The ACLU, which sued the government in July 2008 to challenge the constitutionality of the FISA Amendments Act, reiterated its call for a special congressional committee to investigate Bush-era intelligence abuses. Fredrickson said the organization would pressure Congress to revisit the law alongside a scheduled review of the Patriot Act, which has provisions set to expire this year. Sen.
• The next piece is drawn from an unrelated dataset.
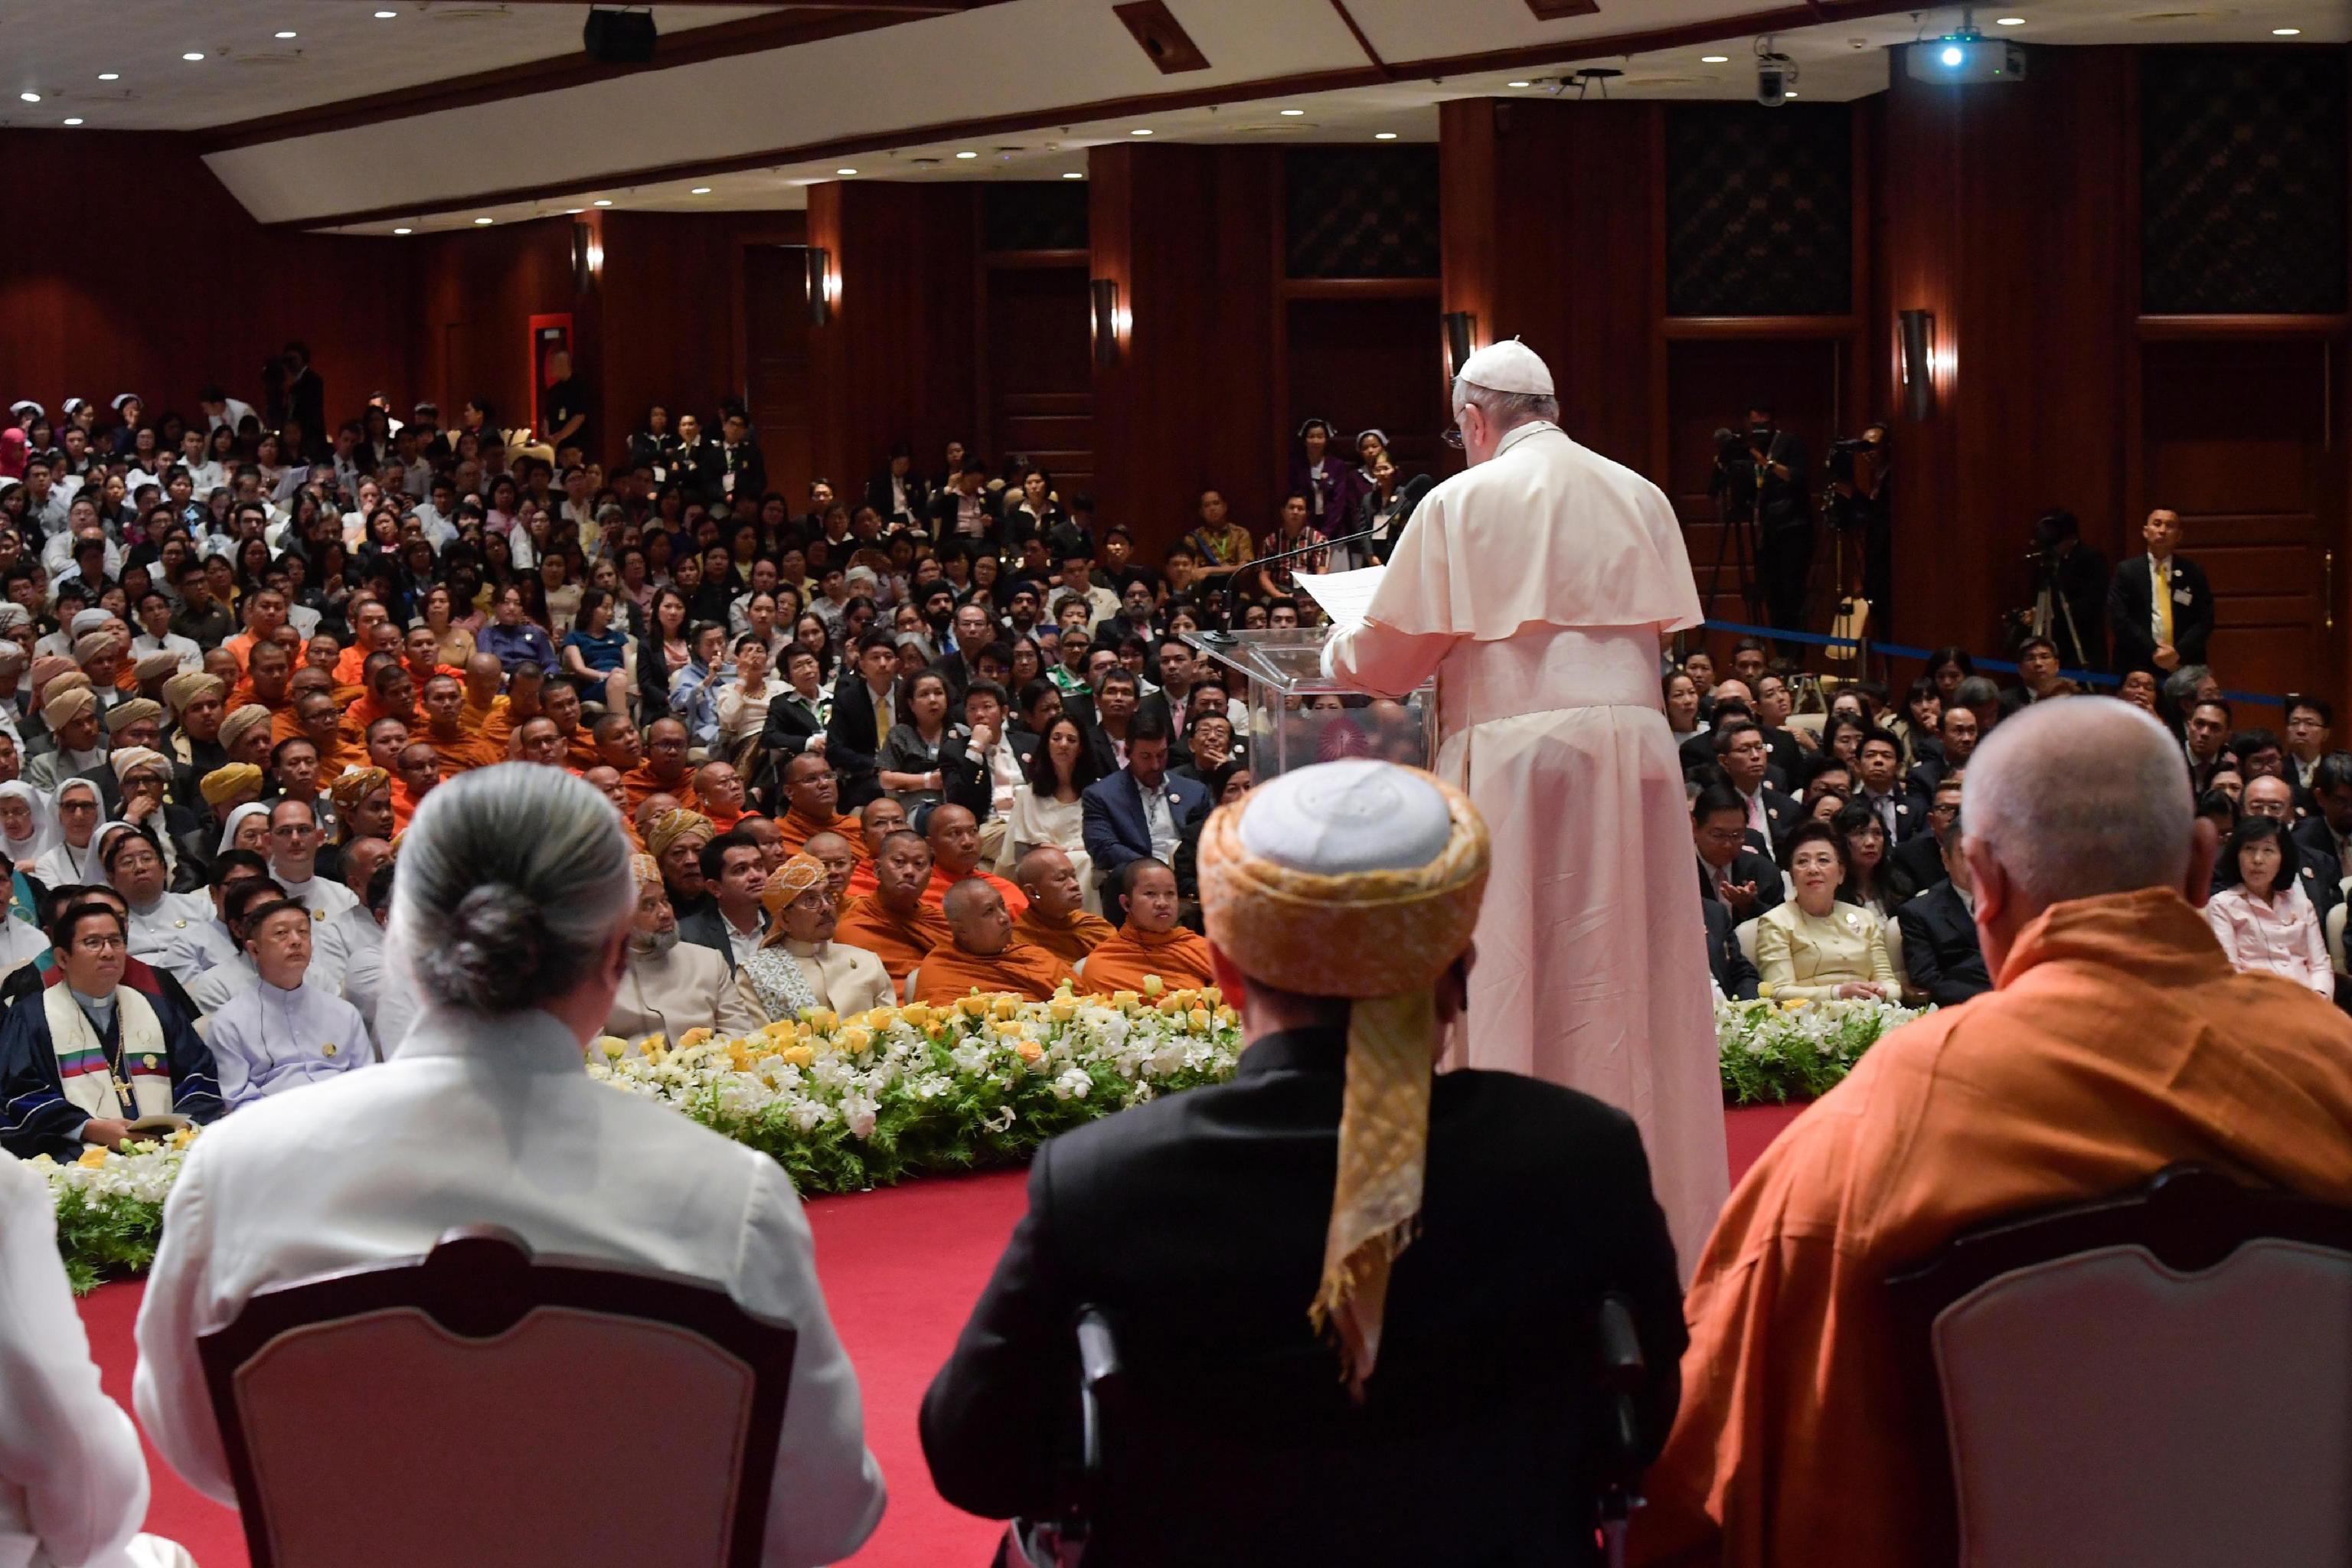 epa08016425 A handout picture provided by the Vatican Media shows Pope Francis (C-R) delivering a sermon during a visit at Chulalongkorn University in Bangkok, Thailand, 22 November 2019. Pope Francis is in Thailand for an apostolic visit on the occasion of the 350th anniversary of the founding of Mission de Siam. Pope Francis is the first pontiff to visit Thailand in nearly four decades after John Paul II in 1984.  EPA/VATICAN MEDIA HANDOUT  HANDOUT EDITORIAL USE ONLY/NO SALES

Harry Reid (D-Nev.), the Democratic Senate leader, voted against the FISA Amendments Act, and said last year that the 2009 Patriot Act reauthorization debate “may provide a suitable occasion to review the related issues in this FISA bill.”

Fredrickson said she hoped Reid would hold to his statement “now we that we know the [FISA Amendments Act] dismantled civil liberties protections,” but she added that without a thorough congressional review of the scope of illegal surveillance, Congress would “keep nitpicking and not get at the real problem, which is a set of incoherent and unspecific provisions that give law enforcement and the National Security Agency access to information” on Americans’ communication without adequate safeguards.
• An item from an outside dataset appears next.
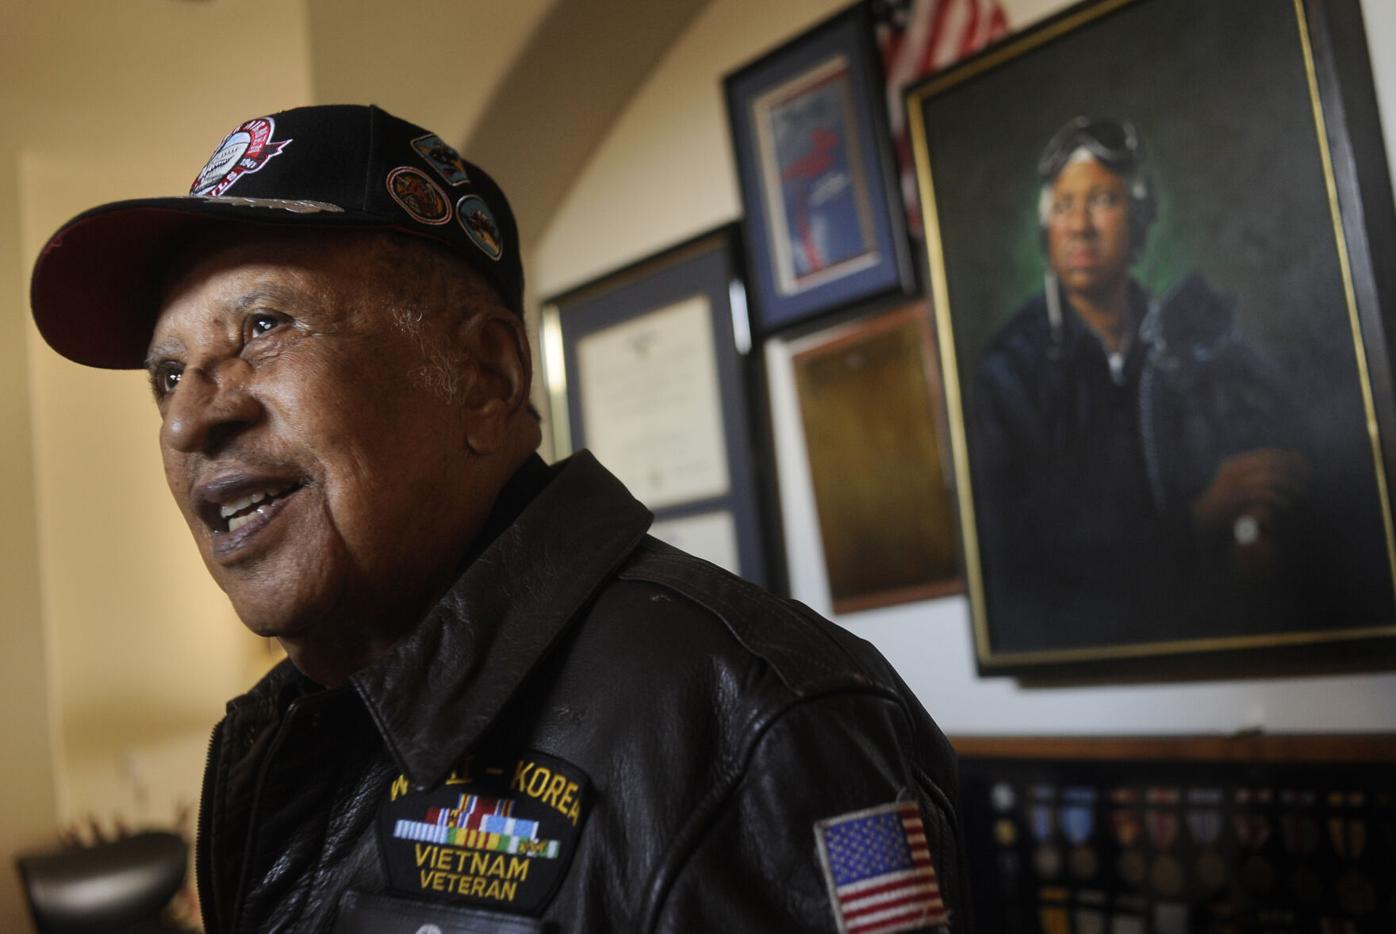 Tuskegee Airmen knew true meaning of sacrifice

Reid’s office did not return requests for comment.

Martin added that a necessary first step was to get the Holder Justice Department to specify what powers it believes the FISA Amendments Act gives it. “Before you even get to the question of what they’re doing, it’s the most fundamental tenet of democracy that the people are entitled to know what the law is — what powers the government has to collect information on their private communications,” she said. The New York Times’ story “demonstrates there’s some secret internal back-and-forth involving, at least, the Justice Department, the NSA and the FISA Court, and maybe Congress, about what powers they have or don’t have. It’s as undemocratic as can be. We need to be a part of that debate.”
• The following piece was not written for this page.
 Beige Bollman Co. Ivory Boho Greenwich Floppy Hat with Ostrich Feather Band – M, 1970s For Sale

While the Holder Justice Department has taken several positions that have angered civil libertarians, including the invocation of the “state secrets” privilege to urge a federal court to dismiss a lawsuit brought by AT&T customers who believe they were illegally surveilled, it includes several key officials who have expressed alarm over wideranging surveillance during the Bush administration. David Kris, a former general counsel to Time-Warner, wrote an extensive memo in January 2006 claiming the foundations for the Bush administration’s warrantless surveillance programs — programs that spurred and formed the basis for the FISA Amendments Act — were seriously flawed. Kris is now in charge of the Justice Department’s national security division. His analysis was called a “thorough debunking” by Marty Lederman, now the deputy chief of the department’s Office of Legal Counsel.

Staffers for Feingold referenced an exchange between Feingold and Kris at Kris’ February 25 confirmation hearing, in which Feingold obliquely referred to “specific concerns I have about how the FISA Amendments Act has been implemented.” Kris replied that “You increased my desire to, if I were to be confirmed, to get to the bottom of the FISA Amendments Act… to see how best to make any necessary improvements.”

“We want the law revisited,” Martin said, “but we only want it revisited when there’s been sufficient public disclosure to have meaningful debate. That will include meaningful public disclosure about the past programs.”